Jiddewar's group chose the one that gave them $2,500 for community farming. Within months of borrowing her group had managed to pay back half the amount. Now the group is considering setting up a stationery shop. Once left without hope after their sons and husbands died, many windows are picking up the pieces again.
"There was a time when we didn't know where the next meal was going to come from," said Mirabai Shyamrao Martawar, whose husband killed himself by jumping into a river after moneylenders pestered him for payment. "Now I save fifty rupees (a little over $1) every month after providing for 10 members in the family."
The women are into a variety of businesses such as goat farming, community farming, running corner shops, bamboo handicrafts and glue making. Without an income, life for these women and their children was a constant struggle for survival. Young widows were particularly vulnerable.
"This is a revolution," said Manoj Bhoir, whose voluntary group Village Development and Education Society facilitates microcredit for 650 self help groups. "These women are determined to repay not only the debts of their families but also provide a better life for their children."
In many cases widows were thrown out by their in-laws.
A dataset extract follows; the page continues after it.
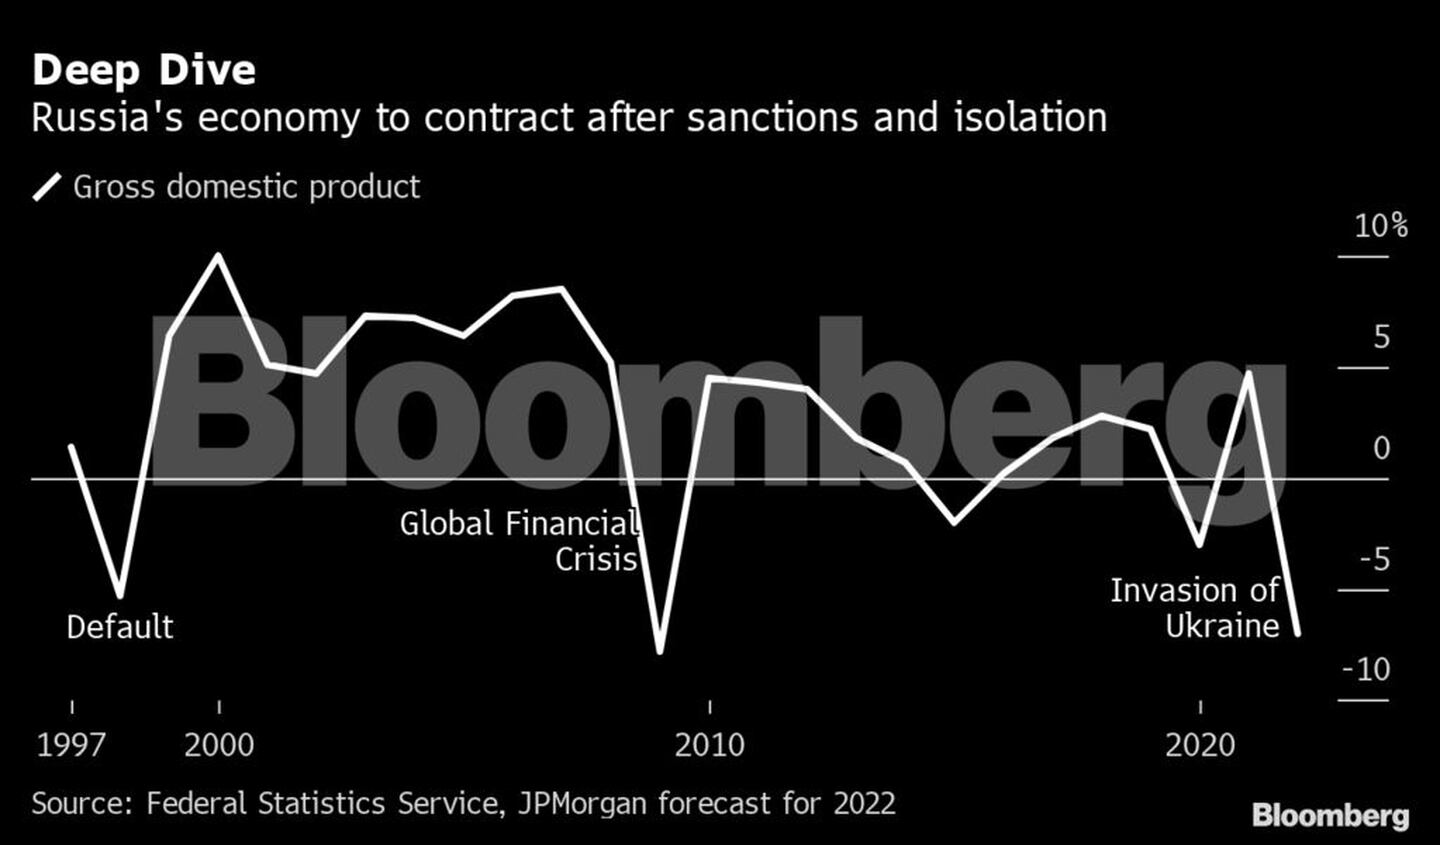 La economía rusa se dirige a una contracción tras sanciones y aislamientodfd

Only a small number were given $2,500 in compensation by the government after proving their husbands committed suicide.
But there is criticism as well of the microcredit model in Vidarbha. Although defaults are almost nil, many women are repeat borrowers and have become dependent on loans for household expenditures rather than capital investments. But for tens of thousands of women in Vidarbha, microcredit seems their best chance of breaking from a life of debt. "In a group we are safe," said Martawar. "When one is in trouble the others will come forward to help."